> MATERIAL PROVIDED
········

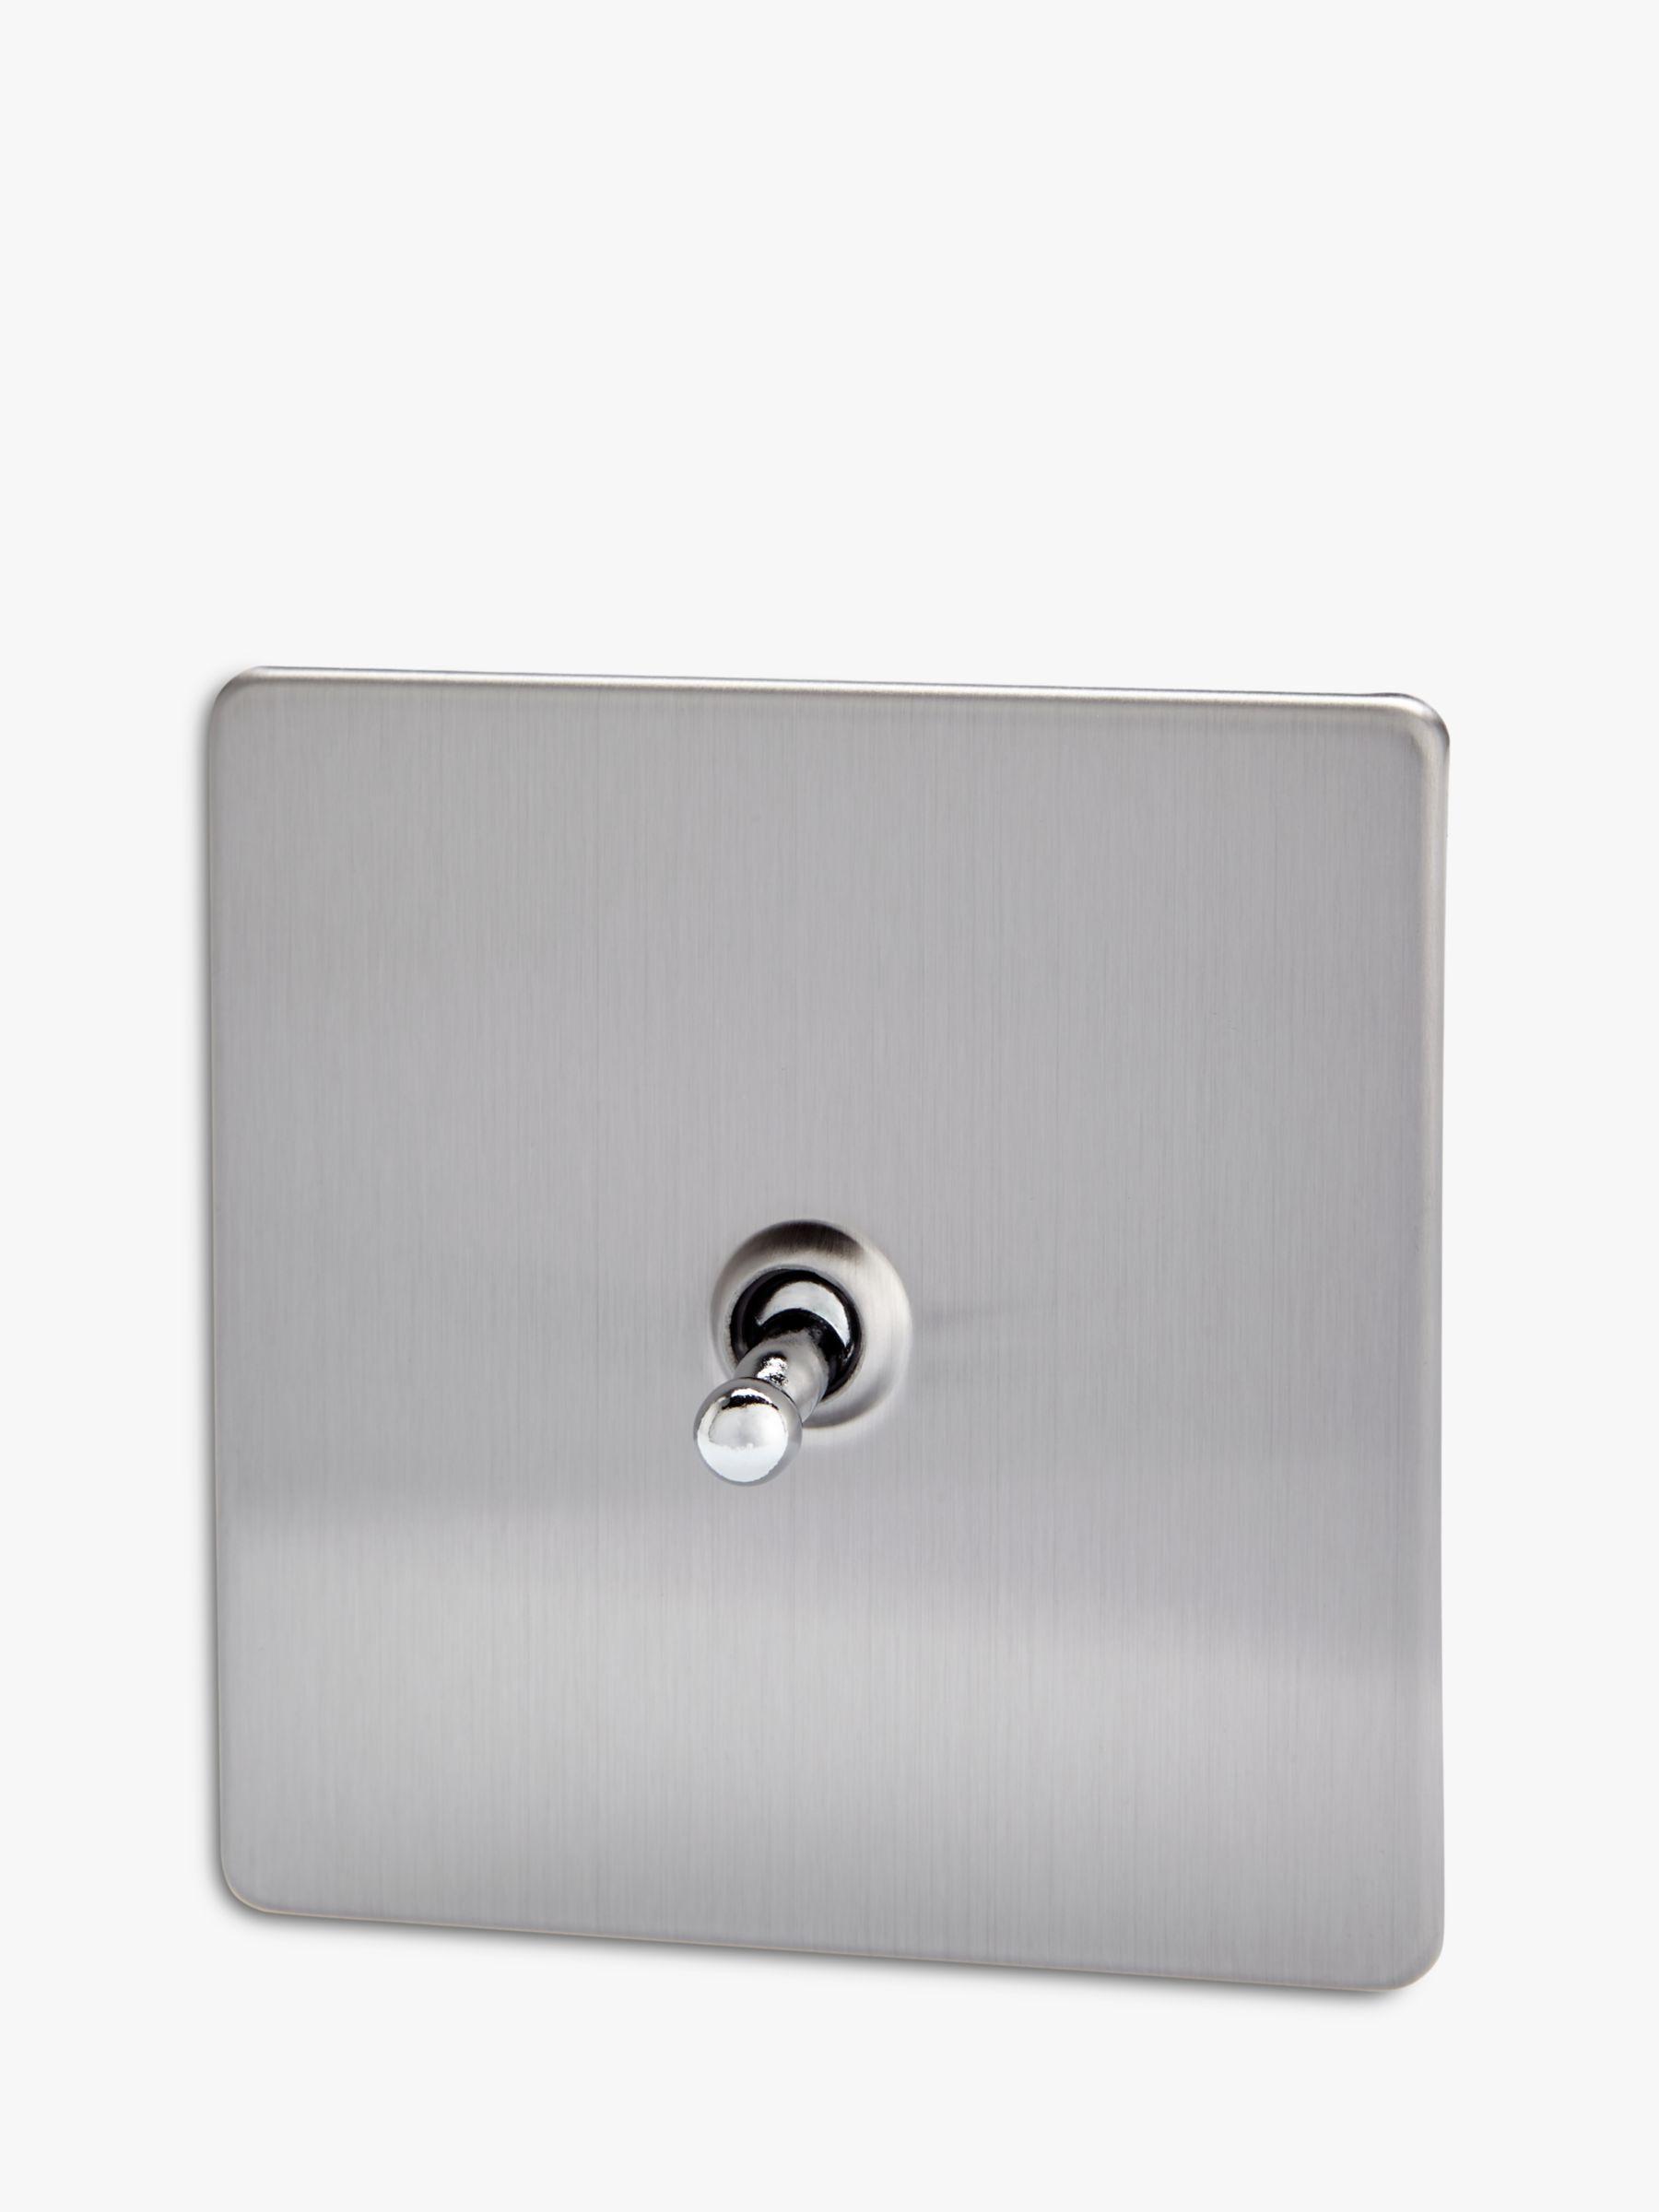 Varilight Varilight 1 Gang 2-Way Toggle Switch, Brushed Steel
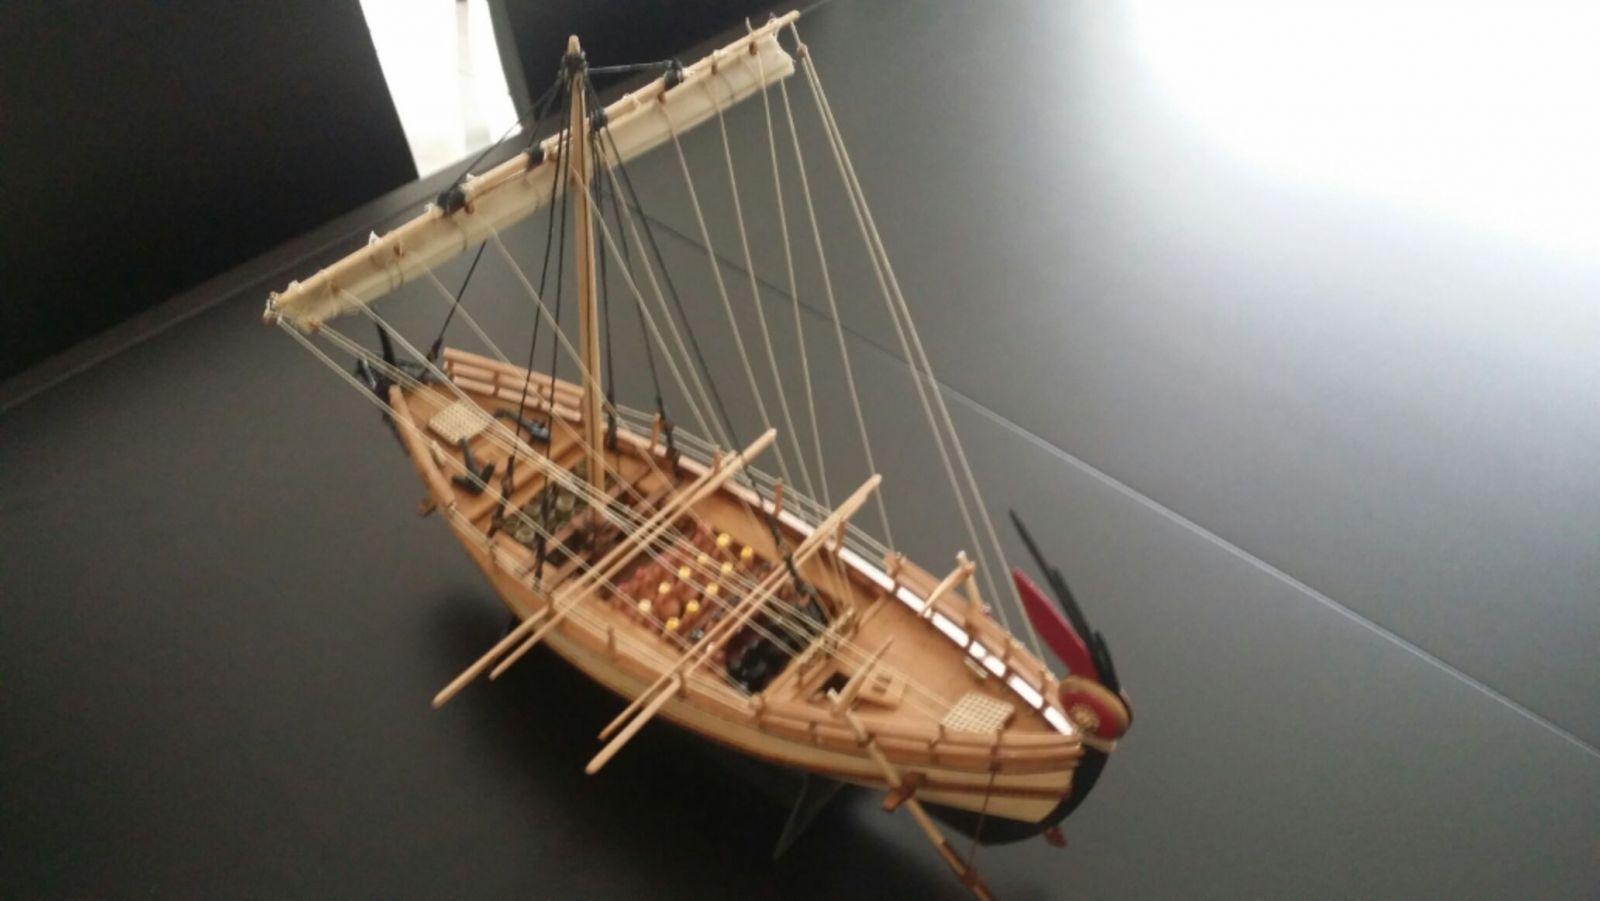 olkas 350bc 1/43 merchant ship of the greek antiquity
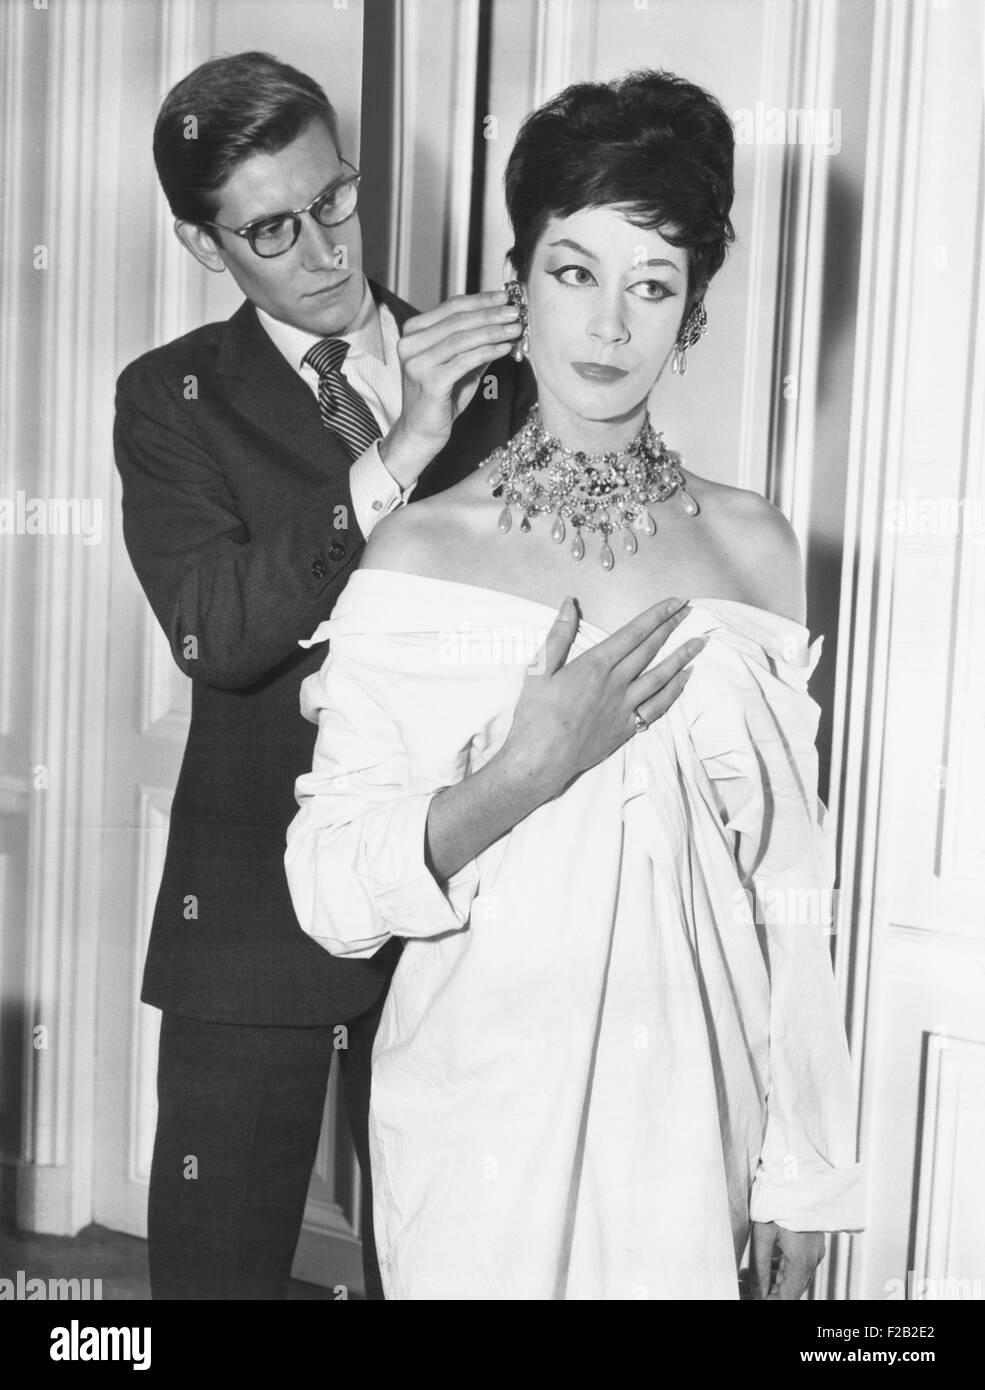 Französischer Modeschöpfer Yves Saint Laurent Modell Zipfelbildung aufsetzen. 18. Januar 1962. (CSU_2015 Stockbild
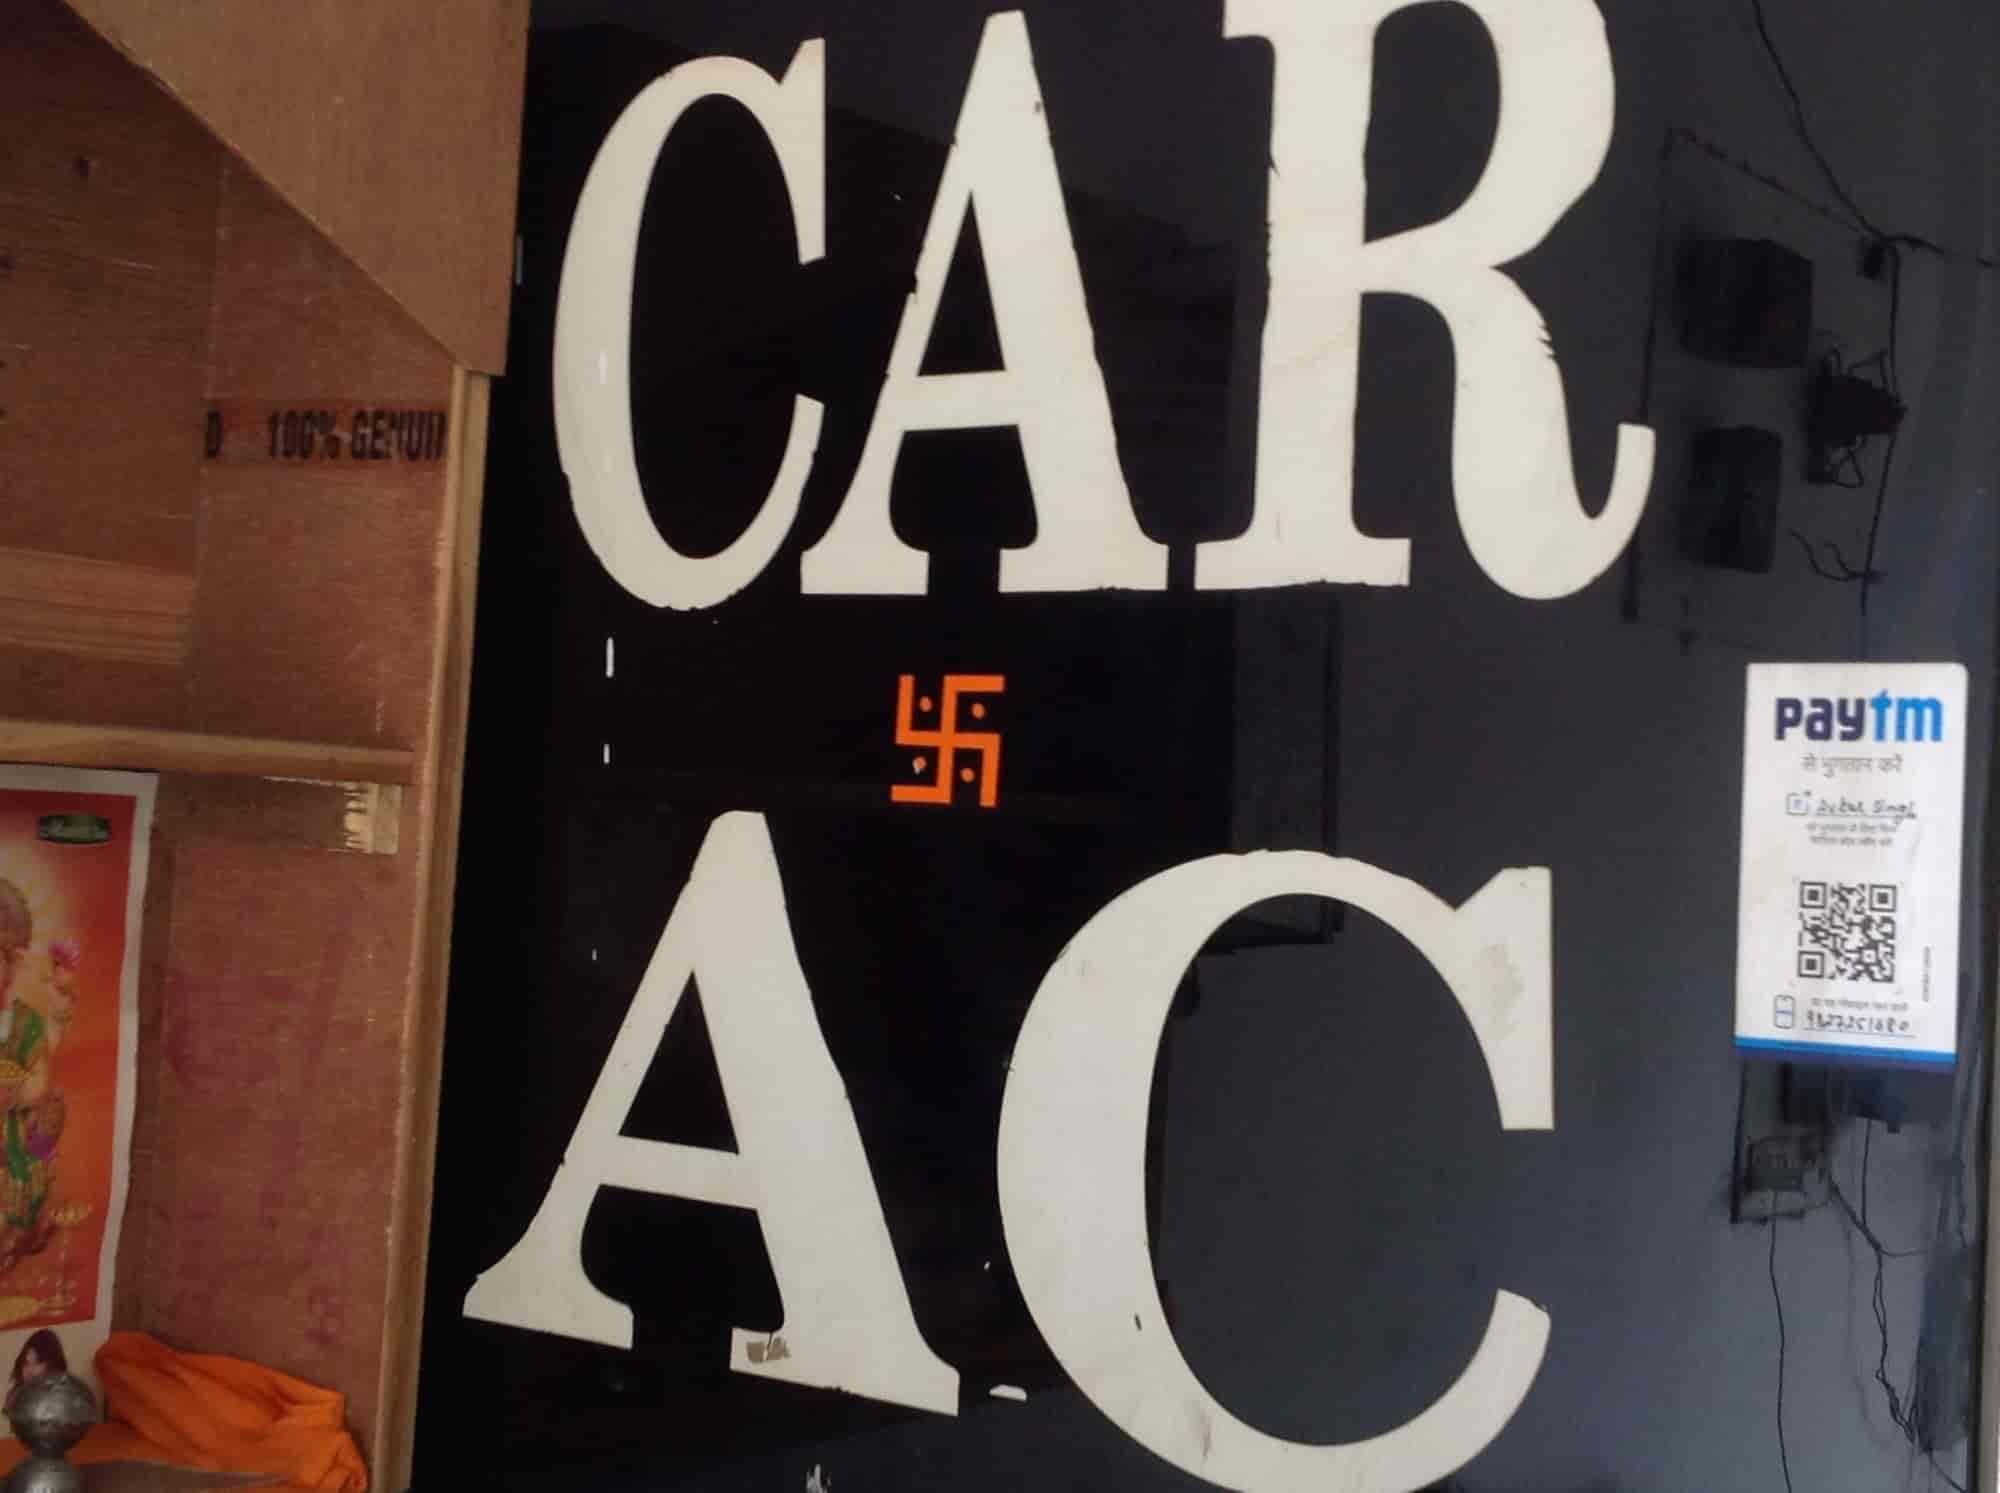 Jeet Car Ac Photos, M P Nagar, Bhopal- Pictures & Images Gallery

········

> WHAT IS NEEDED
Quote each line of the listing exactly, but leave the pictures out.

> EXERCISE ANSWER
 Varilight Varilight 1 Gang 2-Way Toggle Switch, Brushed Steel
 olkas 350bc 1/43 merchant ship of the greek antiquity
 Französischer Modeschöpfer Yves Saint Laurent Modell Zipfelbildung aufsetzen. 18. Januar 1962. (CSU_2015 Stockbild
 Jeet Car Ac Photos, M P Nagar, Bhopal- Pictures & Images Gallery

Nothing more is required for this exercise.